→ **TASK OBJECTIVE**
Please retype the listing below exactly as it stands, skipping any pictures.

→ **DATASET CONTENT**
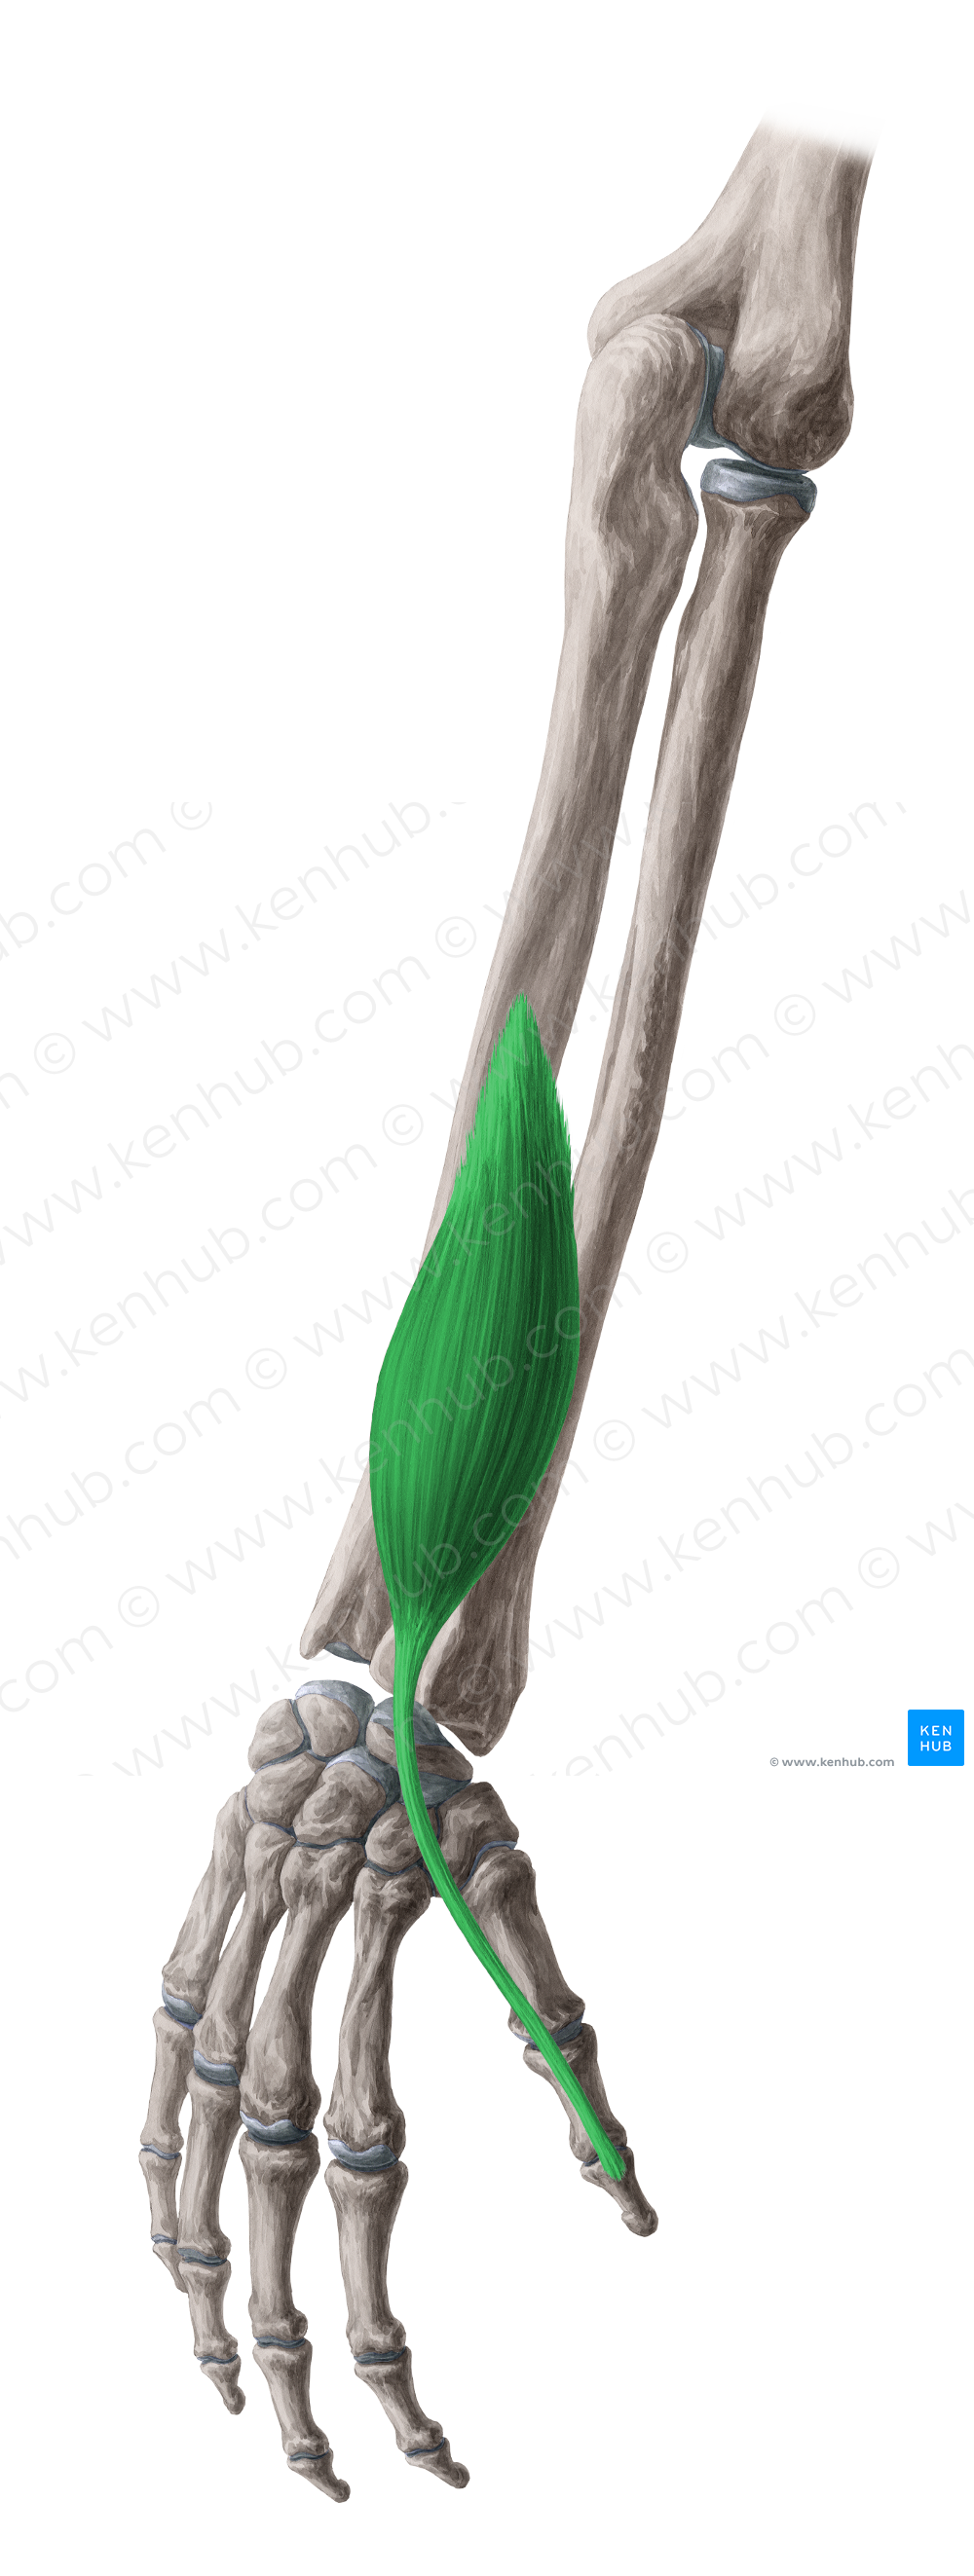 Extensor pollicis longus muscle (#5343)
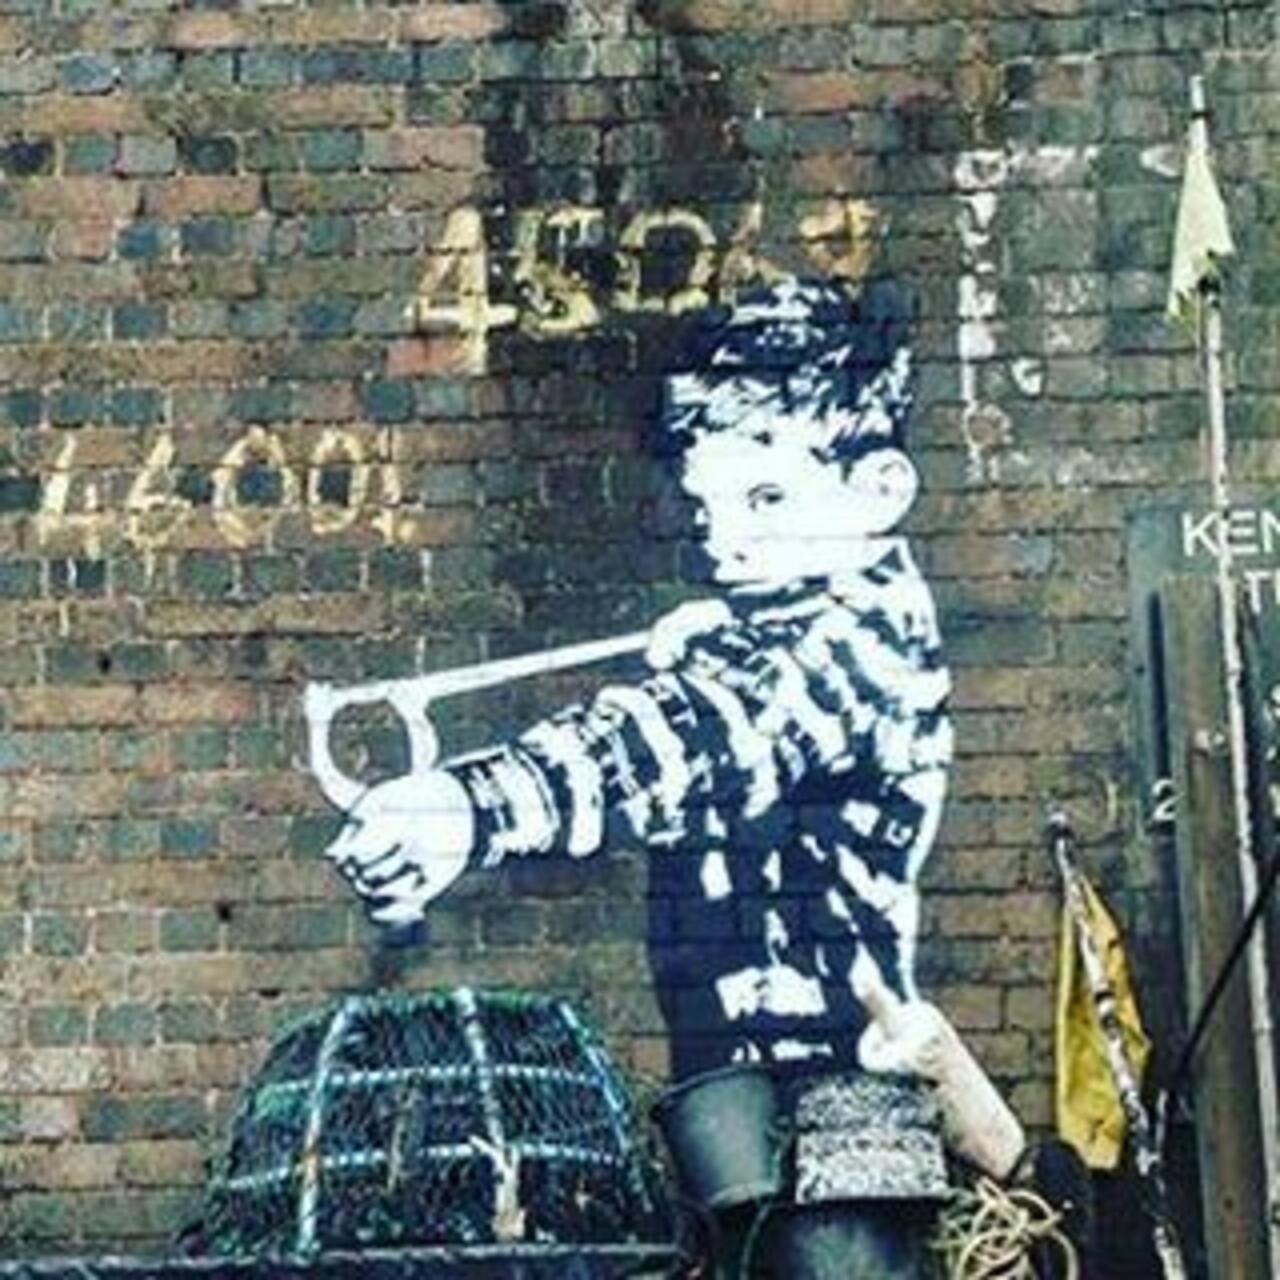 Nme #photoart #murales #mural #streetphotography #streetart... #InspireArt - - https://wp.me/p6qjkV-49u http://t.co/JgJex0yoOK
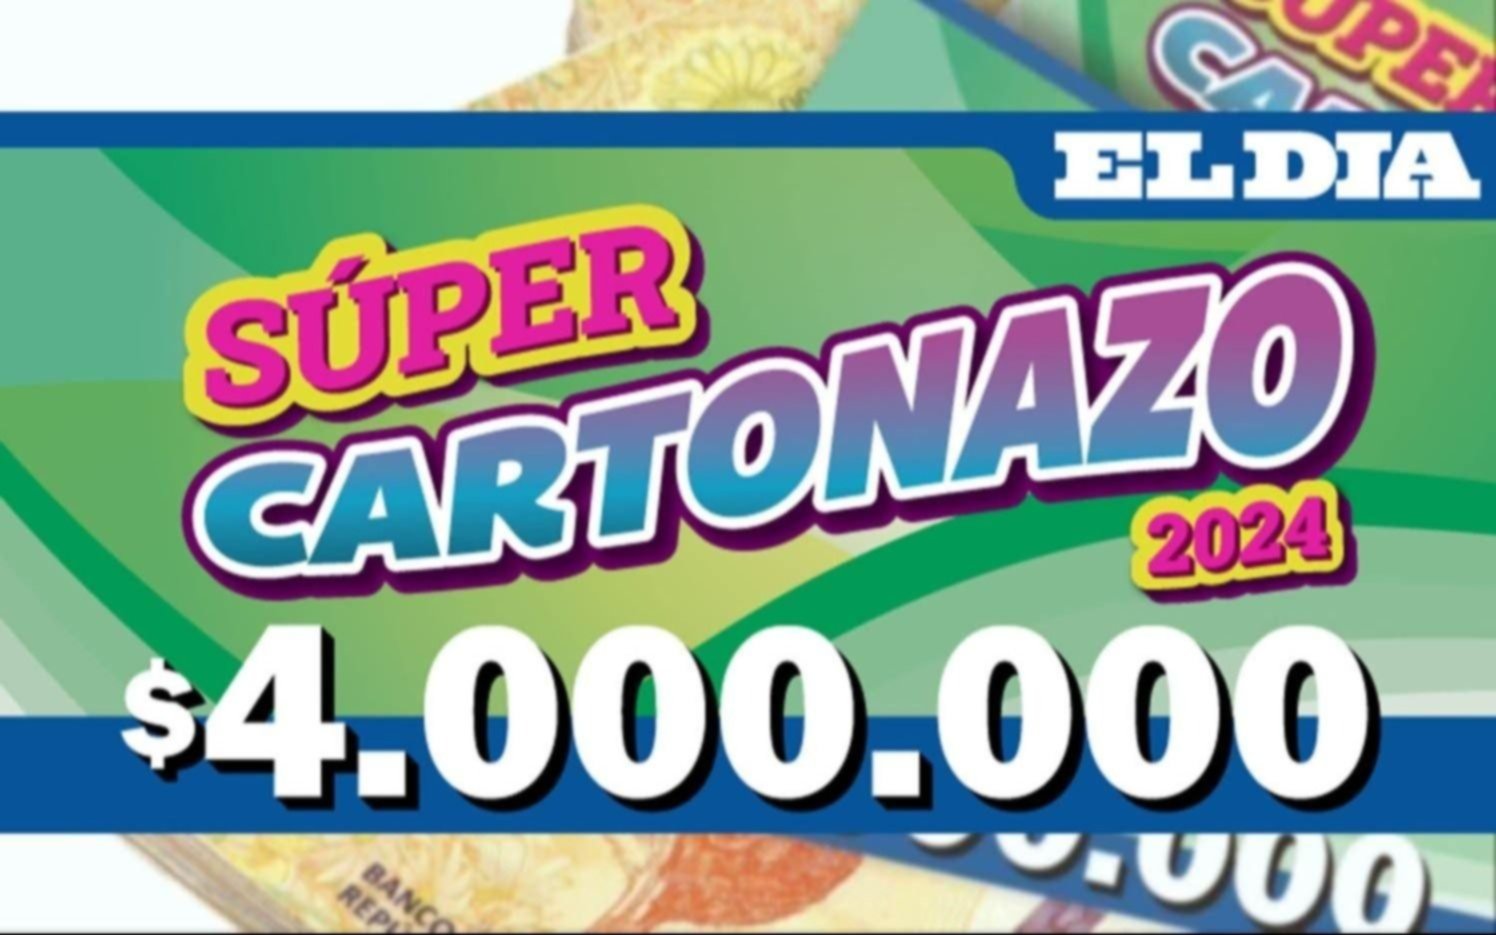 El Súper Cartonazo por $4.000.000 se define mañana: gran expectativa

→ **RESPONSE BOX**
 Extensor pollicis longus muscle (#5343)
 Nme #photoart #murales #mural #streetphotography #streetart... #InspireArt - - https://wp.me/p6qjkV-49u http://t.co/JgJex0yoOK
 El Súper Cartonazo por $4.000.000 se define mañana: gran expectativa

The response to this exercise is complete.